From Winchester, the first place of assembly, (June 4, 1760,) we were removed, at our own request, for the benefit of a foreign education. By the arbitrary, and often capricious, orders of the War Office, the battalion successively marched to the pleasant and hospitable Blandford (June 17); to Hilsea barracks, a seat of disease and discord (Sept. 1); to Cranbrook in the weald of Kent (Dec. 11); to the sea-coast of Dover (Dec. 27); to Winchester camp (June 25, 1761); to the populous and disorderly town of Devizes (Oct. 23); to Salisbury (Feb. 28, 1762); to our beloved Blandford a second time (March 9); and finally, to the fashionable resort of Southampton (June 2); where the colours were fixed till our final dissolution. (Dec. 23). On the beach at Dover we had exercised in sight of the Gallic shores. But the most splendid and useful scene of our life was a four months' encampment on Winchester Down, under the command of the Earl of Effingham. Our army consisted of the Thirty-Fourth Regiment of Foot [many mergers later now part of The Duke of Lancaster's Regiment (King's, Lancashire, and Border)] and six militia corps. The consciousness of our defects was stimulated by friendly emulation. We improved our time and opportunities in morning and evening field-days; and in the general reviews the South Hampshire were rather a credit than a disgrace to the line. In our subsequent quarters of the Devizes and Blandford, we advanced with a quick step in our military studies; the ballot of the ensuing summer renewed our vigour and youth; and had the militia subsisted another year, we might have contested the prize with the most perfect of our brethren.

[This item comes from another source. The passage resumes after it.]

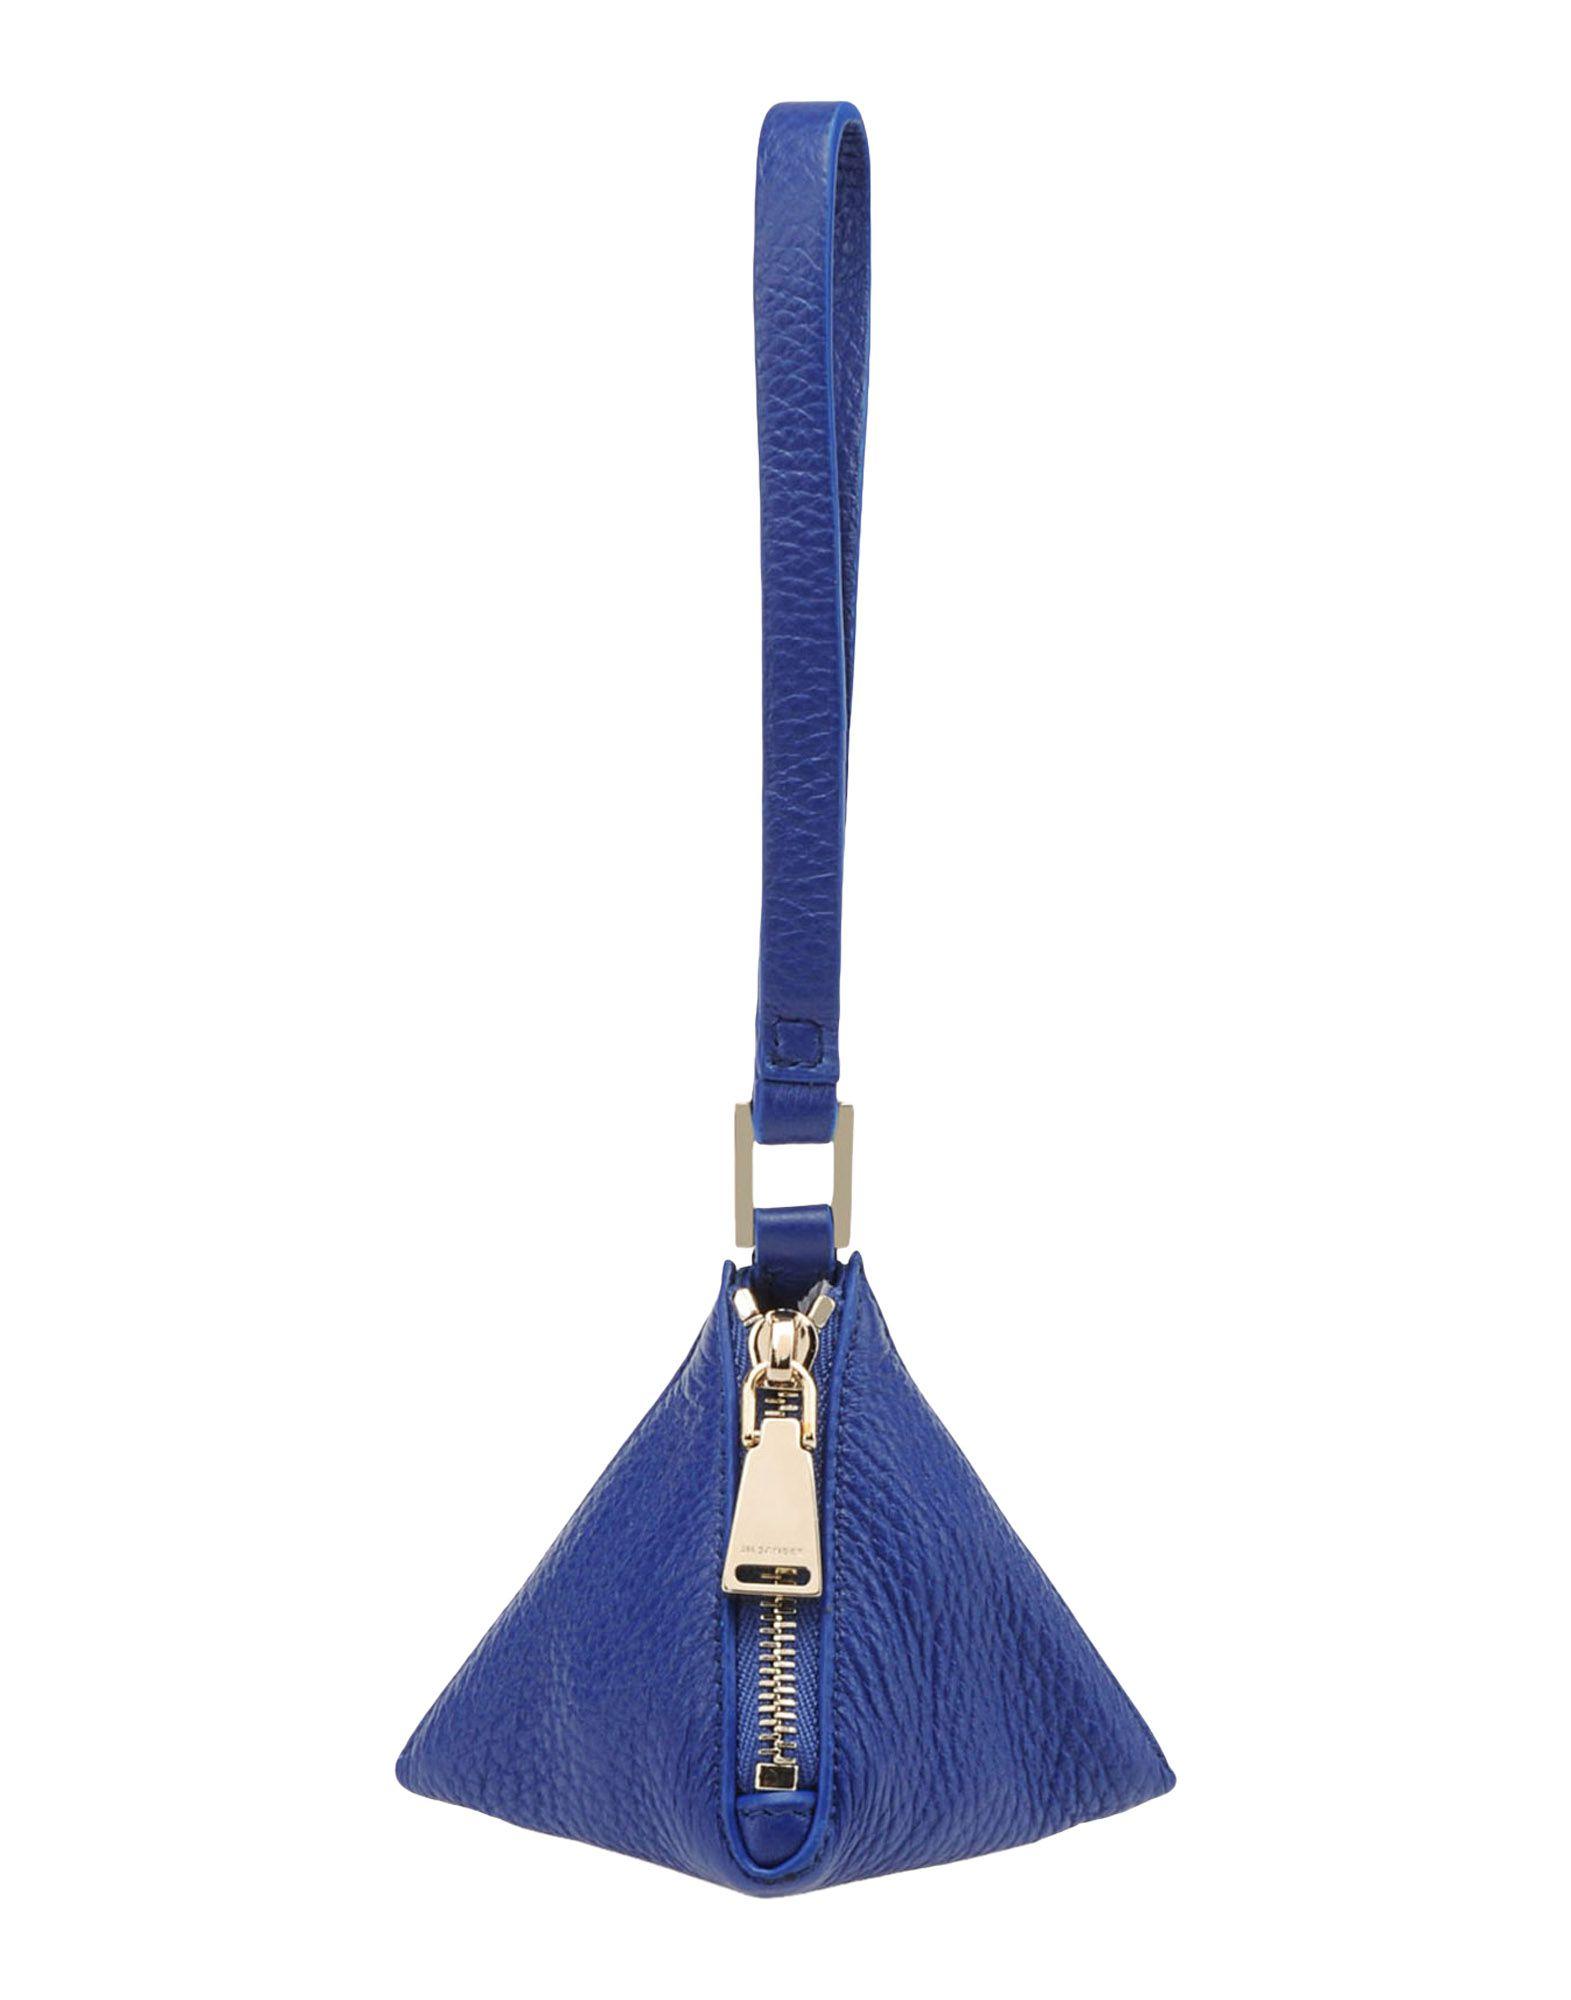 JIL SANDER Damen Portemonnaie Farbe Blau Größe 1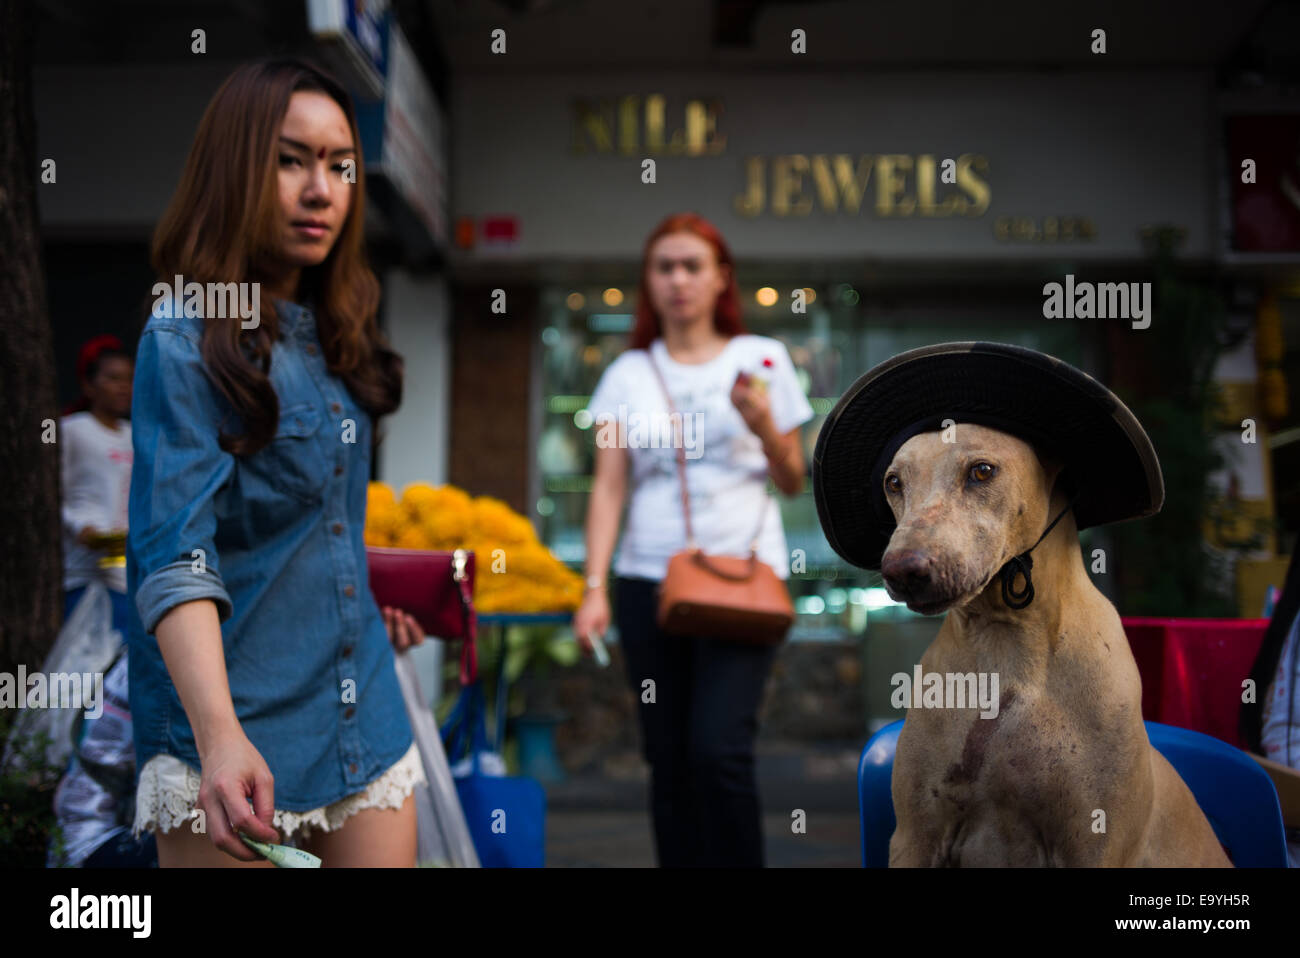 Thai transvestite 'lady-boy' making a donation to old paralyzed dog owner. - Stock Image

The loss of so many busy and idle hours was not compensated by any elegant pleasure; and my temper was insensibly soured by the society of our rustic officers. In every state there exists, however, a balance of good and evil. The habits of a sedentary life were usefully broken by the duties of an active profession: in the healthful exercise of the field I hunted with a battalion, instead of a pack; and at that time I was ready, at any hour of the day or night, to fly from quarters to London, from London to quarters, on the slightest call of private or regimental business. But my principal obligation to the militia, was the making me an Englishman, and a soldier. After my foreign education, with my reserved temper, I should long have continued a stranger in my native country, had I not been shaken in this various scene of new faces and new friends: had not experience forced me to feel the characters of our leading men, the state of parties, the forms of office, and the operation of our civil and military system. In this peaceful service I imbibed the rudiments of the language, and science of tactics, which opened a new field of study and observation. I diligently read, and meditated, the Mémoires militaires [sur les Grecs et les Romains] of Quintus Icilius [pen name of the Prussian historian Karl Gottlieb Guichard], the only writer who has united the merits of a professor and a veteran. The discipline and evolutions of a modern battalion gave me a clearer notion of the phalanx and the legion; and the captain of the Hampshire Grenadiers (the reader may smile) has not been useless to the historian of the Roman Empire.